Морщит лоб, сейчас заплачет.
– Прости, прости, милая, – прижимаю ее к себе, щекой к щеке, к моей щеке, пылающей, будто ее обжигает раскаленное солнце. – Папа не хотел кричать, прости…
Утренний туман над озером. Тонкий лед как пленка жира на остывшем бульоне. Иришка потеряла варежку и греет пальцы в кармане моей куртки, ей так удобно. Сжимаю осторожно ее маленькую ладонь, хрупкую, теплую, как крыло пташки… Крылья бьются в руках, черный клюв норовит ущипнуть, но дедушка старательно распутывает сеть вокруг лап, ругаясь вполголоса на местных рыбаков. Цепляясь за борт лодки, разглядываю нырка. Бурое тельце трепещет. Глупая птица не понимает, что ее спасают.
– Ну, удачи, водолаз. – Дедушка наконец выпускает нырка. Тот, неблагодарный, плывет к камышам не оборачиваясь.
– Уже который по счету? – спрашиваю.
Дедушка пожимает плечами.
– А сколько нырков нужно спасти, чтобы искупить вину? – говорит тихо. – Вот так задача, Юрка…
Смотрю на замерзшее озеро, глаза слезятся. От ветра, наверное. Не знаю, был ли разговор на самом деле, или я только что его выдумал. Мы много в то лето нырков спасли.
суббота
Последняя сигарета в пачке как последний патрон, оставленный для себя, когда на необитаемый остров опускается ночь. Смерть нетороплива и со вкусом дыни.

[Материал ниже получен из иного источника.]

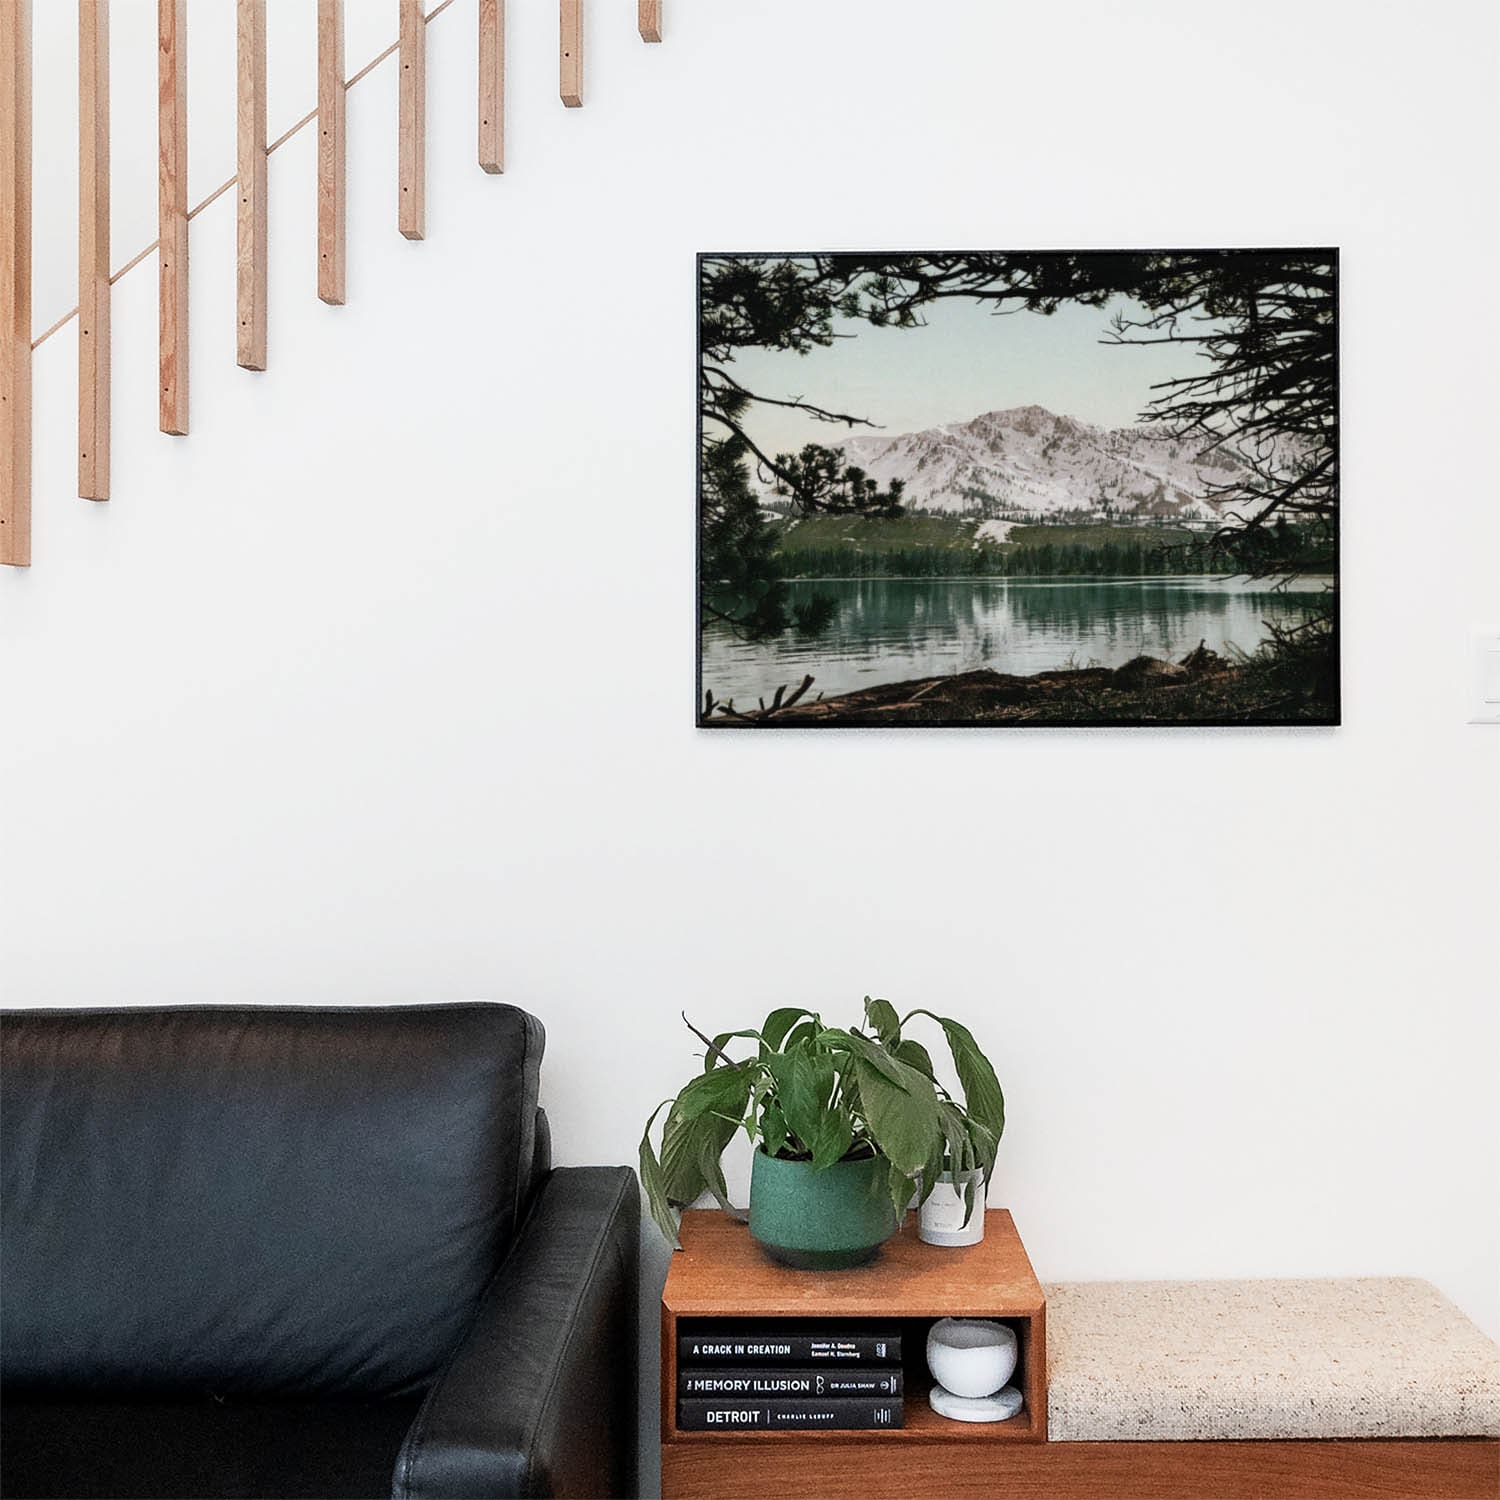 Living space with a black leather couch and table with a plant and books below a staircase featuring a framed picture of Lake in the Wilderness

Затягиваюсь, передаю ей сигарету. Молча курит.
Двенадцать часов назад я растолкал ее. Она разглядывала меня так, будто играла в «Где Уолли?».
– Не найдешь, – сказал я.
– Что? – Она протерла глаза каким-то детским движением, и я почувствовал, что меня сейчас вырвет.
– Проваливай, – крикнул я из ванной, вытирая рукой рот.
Легче, но в голове провинциальный оркестр репетировал военный марш. Особенно старался маленький барабанщик.
Я шарил по полкам в поисках аспирина. Она прильнула к двери.
– Можно в душ?
– Проваливай, – повторил я.
Она выгибала спину на отвоеванном клочке танцпола. Из-за пролитого кем-то коктейля липли подошвы. В рокоте электронной музыки я не расслышал ее слов, и она сделала знак peace перед моим лицом.
– За час? – я гаркнул ей в ухо.
Кивнула.
– А за всю ночь?
– Что? Не слышу.
– Ночь! – Я описал руками круг, чуть не выронив стакан с виски. Полупустой, к счастью. Гремящий нерастаявшим льдом и четвертый по счету.
Прочел ответ по губам. Короткий кивок в сторону выхода, и мы уже у края тротуара ловим такси.
Начинается дождь.
Она поднялась за мной по лестнице. Сбросила туфли и выглядела беспомощной.
– Мне надо в туалет, – сказала она.
Будь мы героями романтического фильма, я бы притянул ее за волосы, отработанным движением расстегнул верхнюю пуговицу на джинсах и толкнул на диван. Но в гребаной реальной жизни ей приспичило поссать.
Синий свет от проезжающей за окном скорой выхватил из темноты контур лампы, ряд грязных кружек на рабочем столе, раскладной икеевский диван. Последний бесстыдно выставлял развороченное брюхо смятыми простынями наружу. Боженька наградил человечество суперспособностью напиваться до беспамятства. Я же, когда напивался, помнил каждую деталь.
– У вас слив не работает, – сказала она. Ведь именно так у всех нормальных людей начинается прелюдия.
Сняла футболку. Под ней ничего не было. Никакого соблазнительного кружева, шершавого и колючего, которое оставляет отпечатки на коже. Никакого дорогущего белья, которое стягиваешь, не успев разглядеть. Ничего похожего на то, что надевала для меня М.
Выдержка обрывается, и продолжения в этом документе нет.